[Dataset extract]
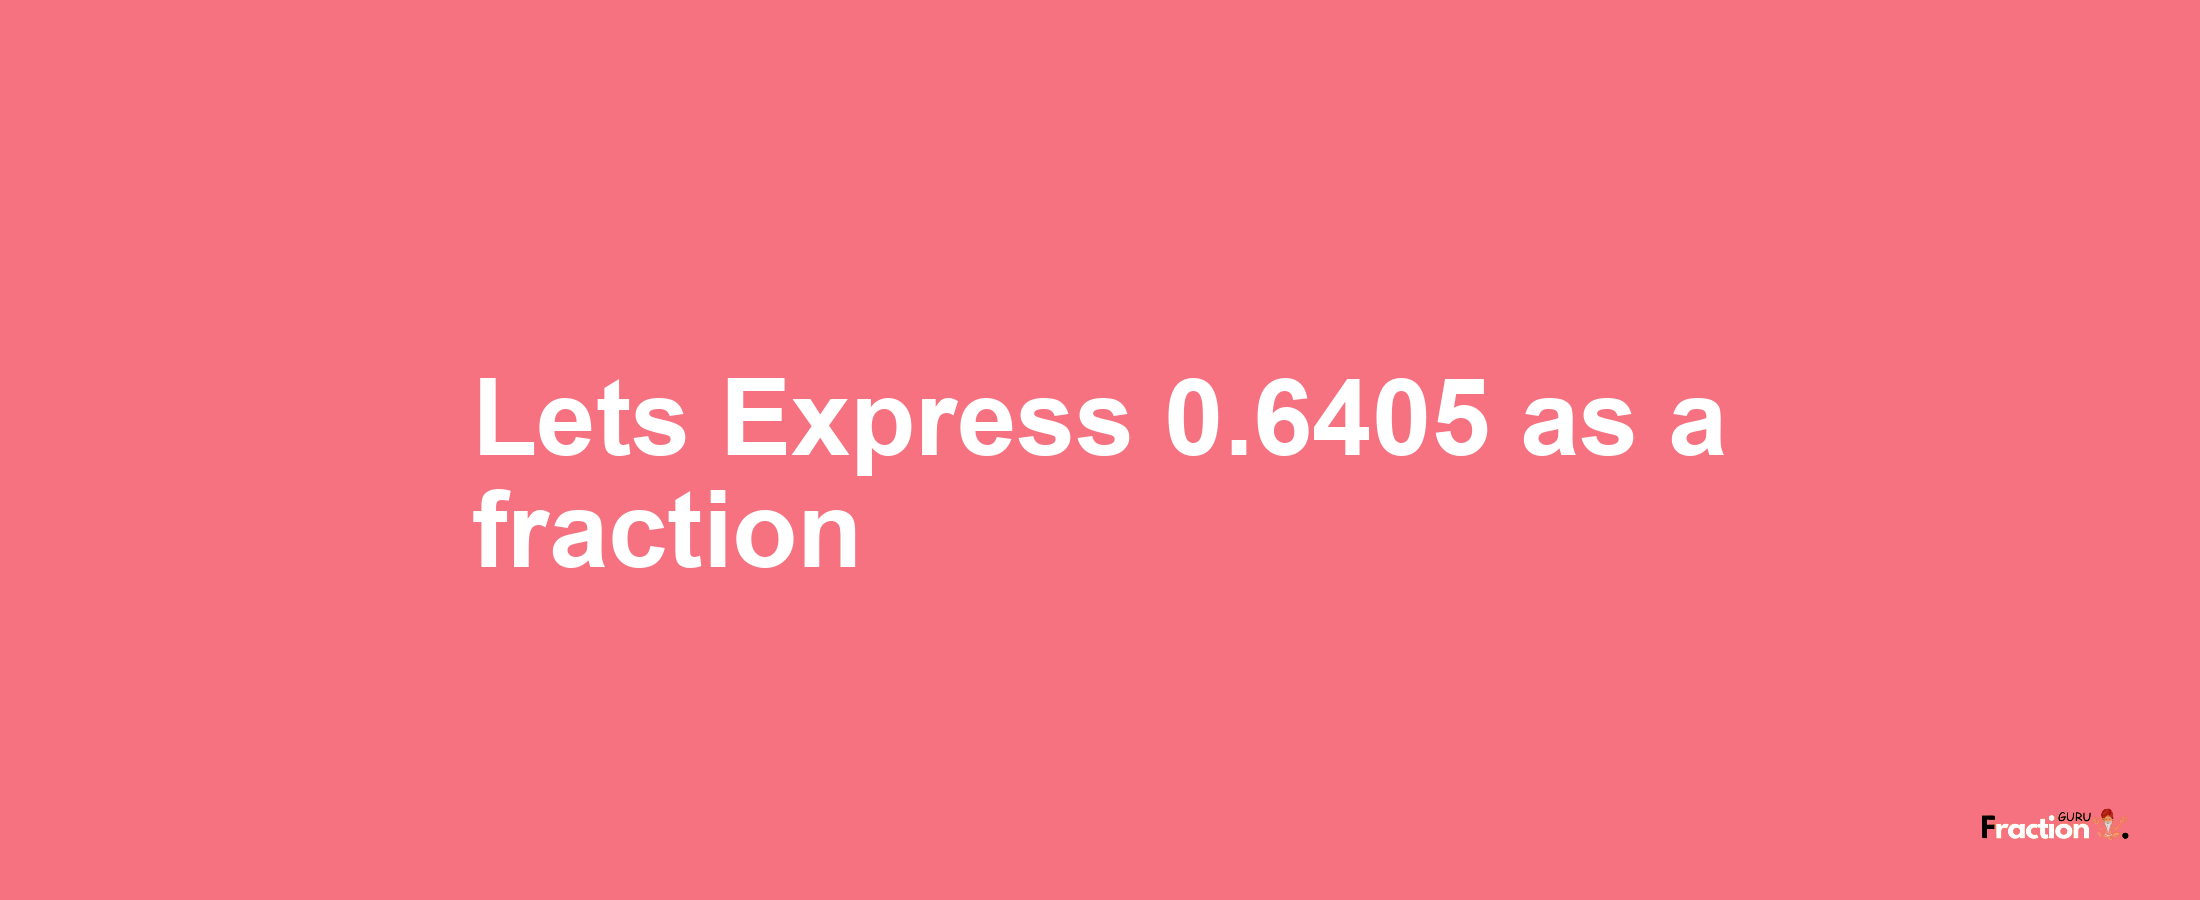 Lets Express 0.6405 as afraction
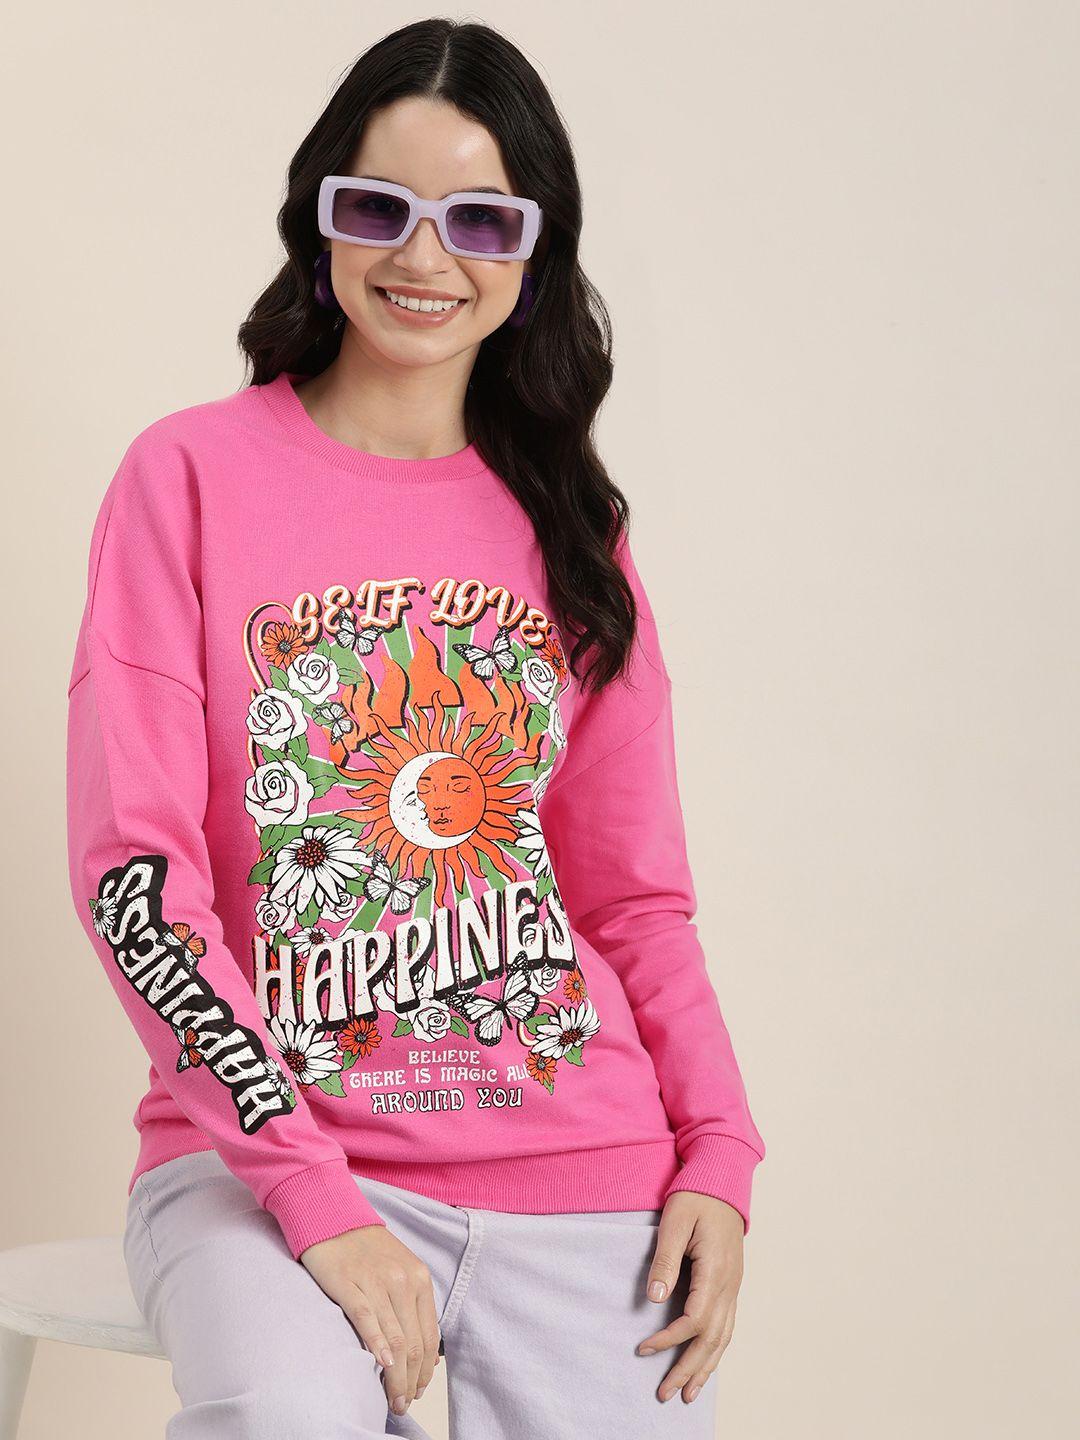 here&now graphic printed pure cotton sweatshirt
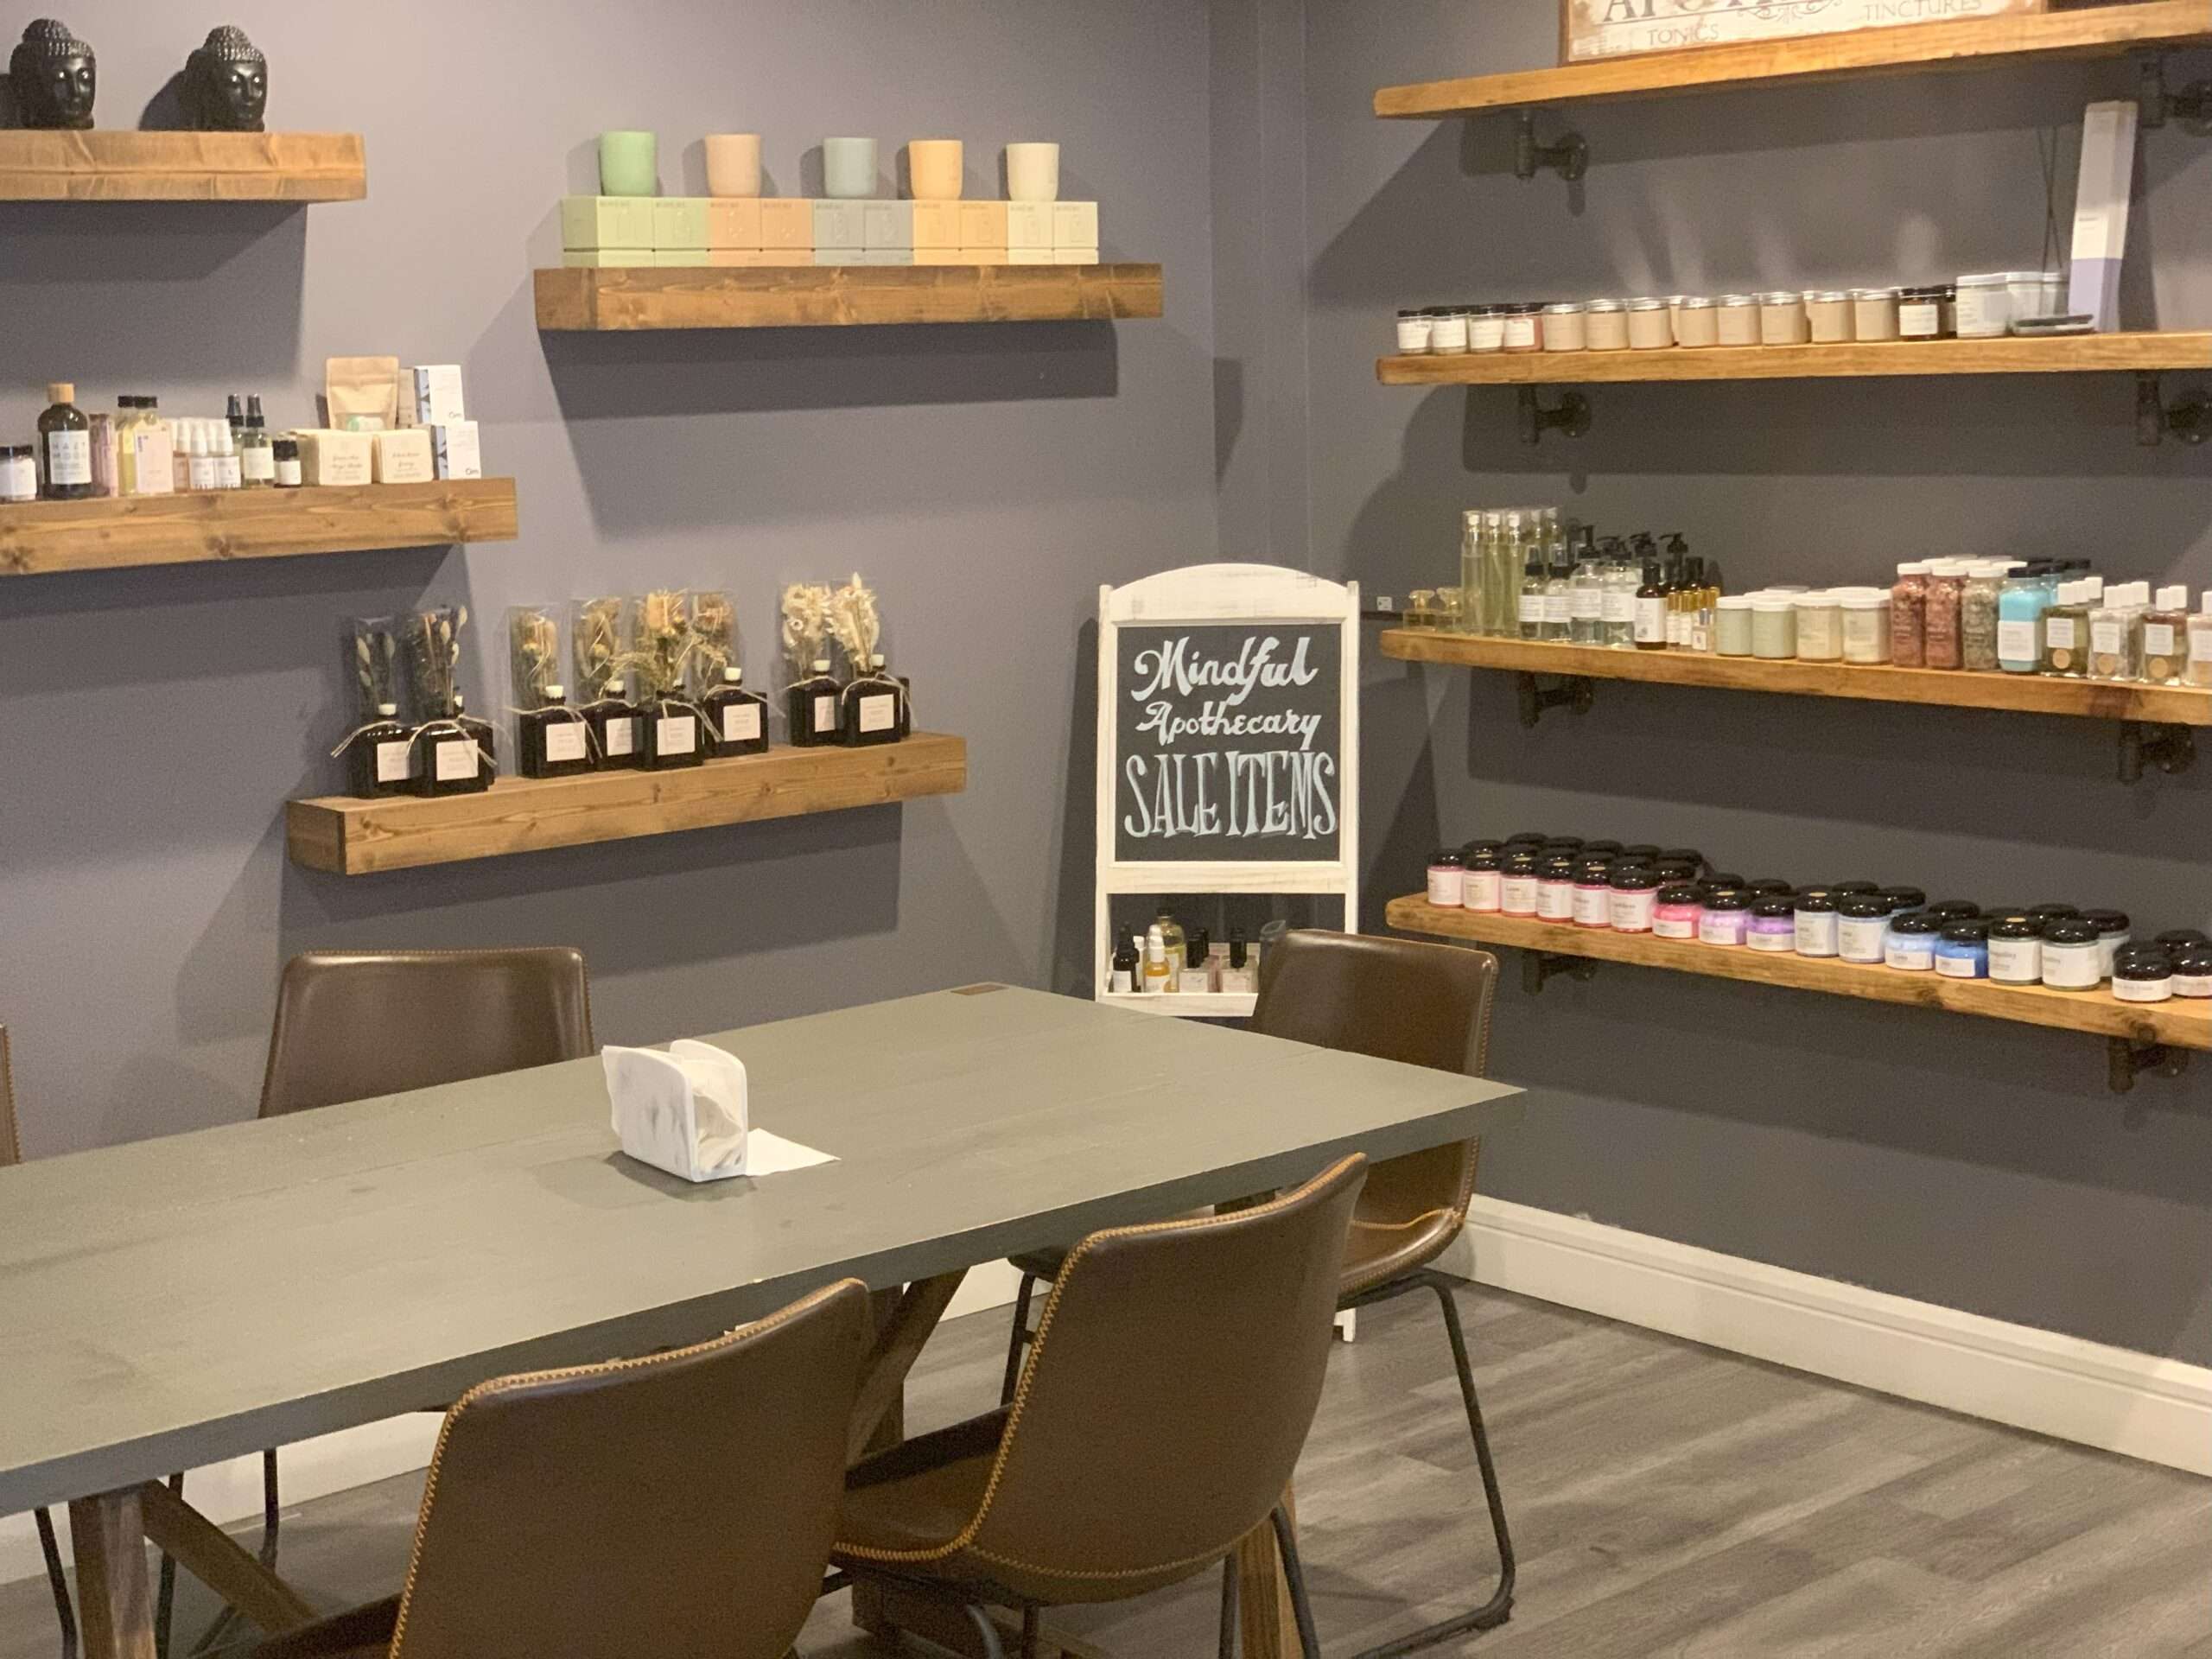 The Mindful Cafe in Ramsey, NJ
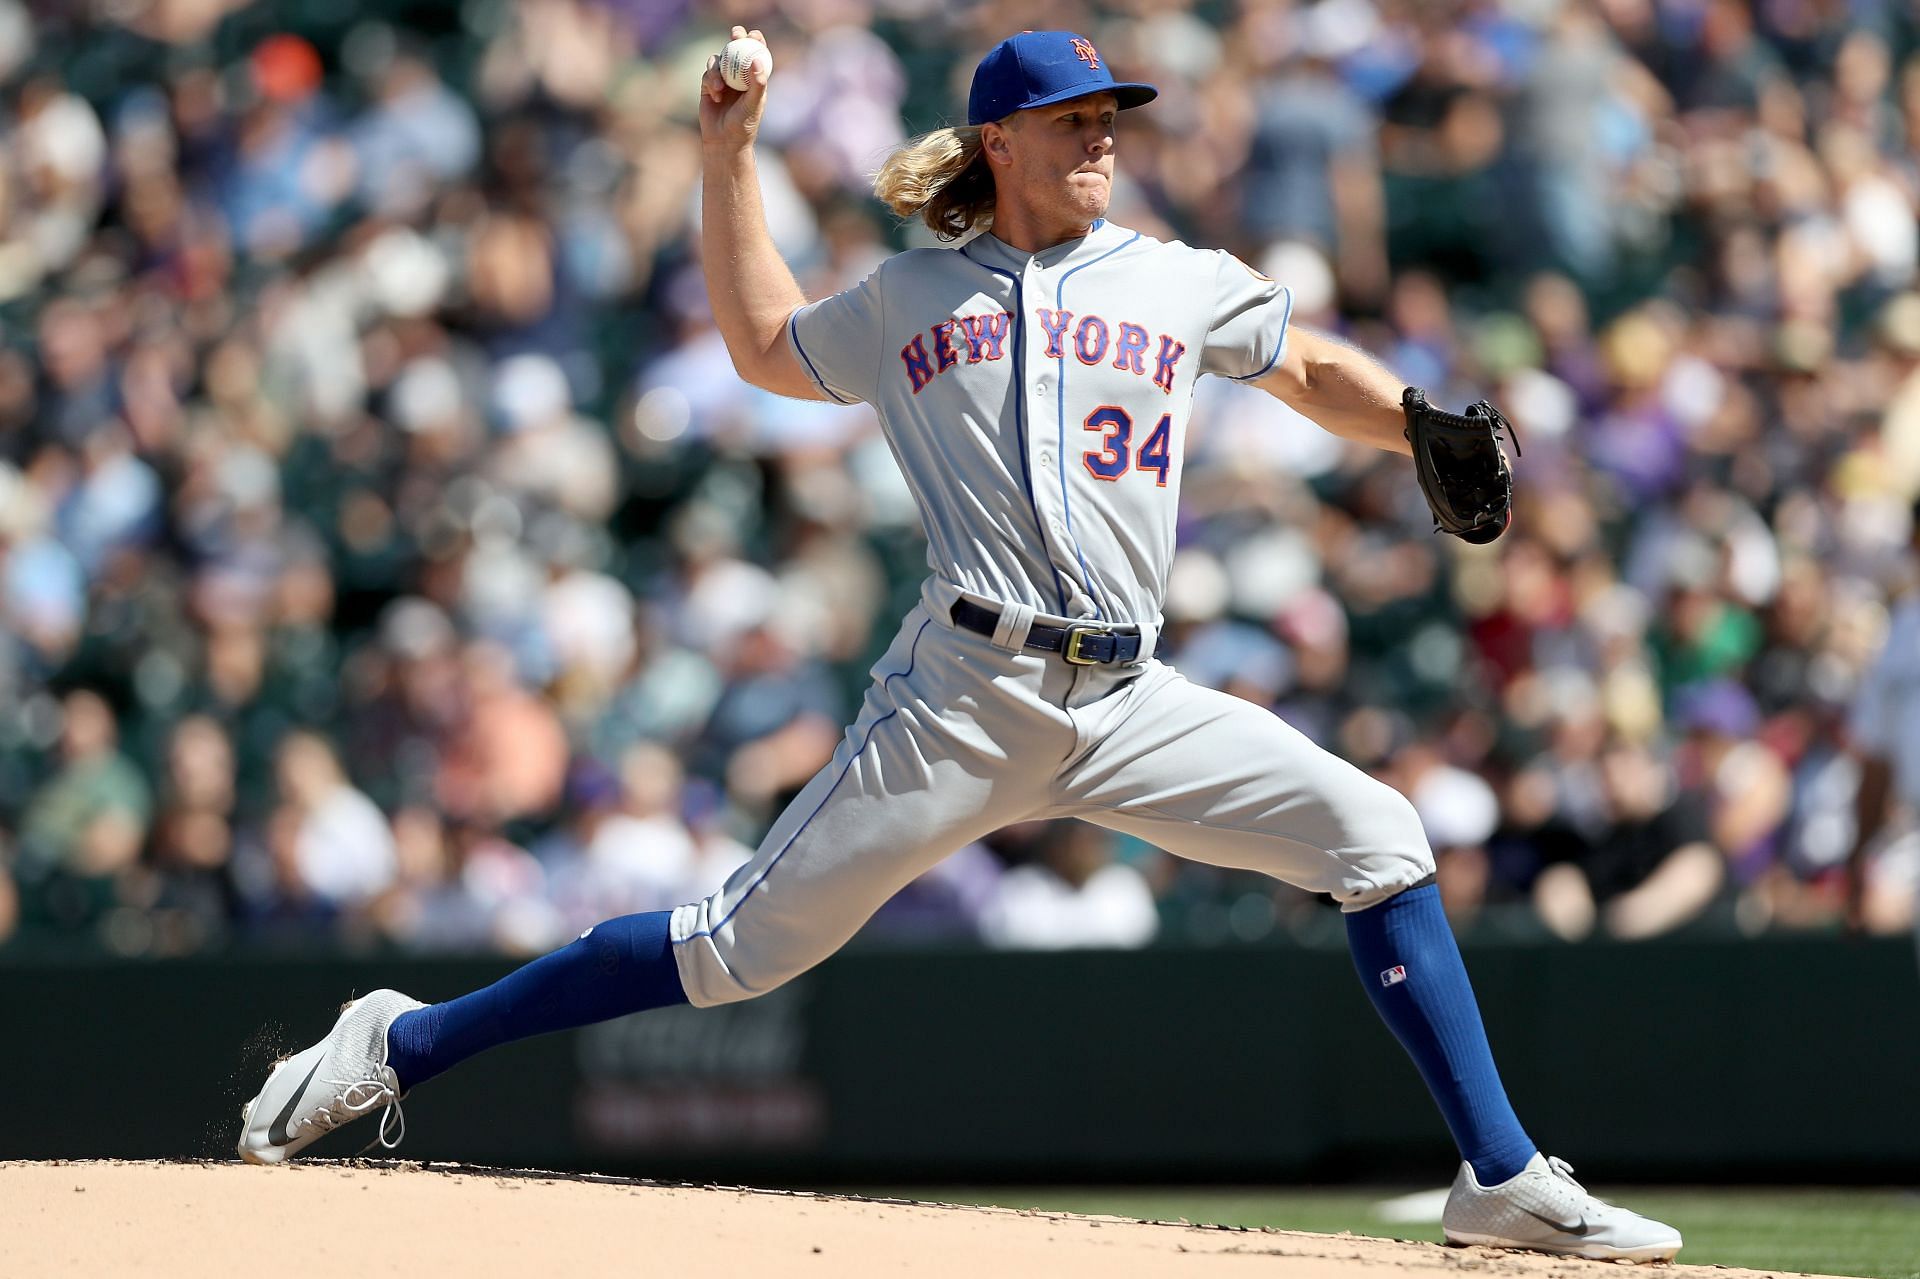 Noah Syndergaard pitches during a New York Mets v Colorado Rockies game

[Instructions to follow] From the line containing "The Mindful Cafe in Ramsey, NJ" down to the final line of the material, restate every line word for word, and only those; drop the pictures.

[Task answer]
 The Mindful Cafe in Ramsey, NJ
 Noah Syndergaard pitches during a New York Mets v Colorado Rockies game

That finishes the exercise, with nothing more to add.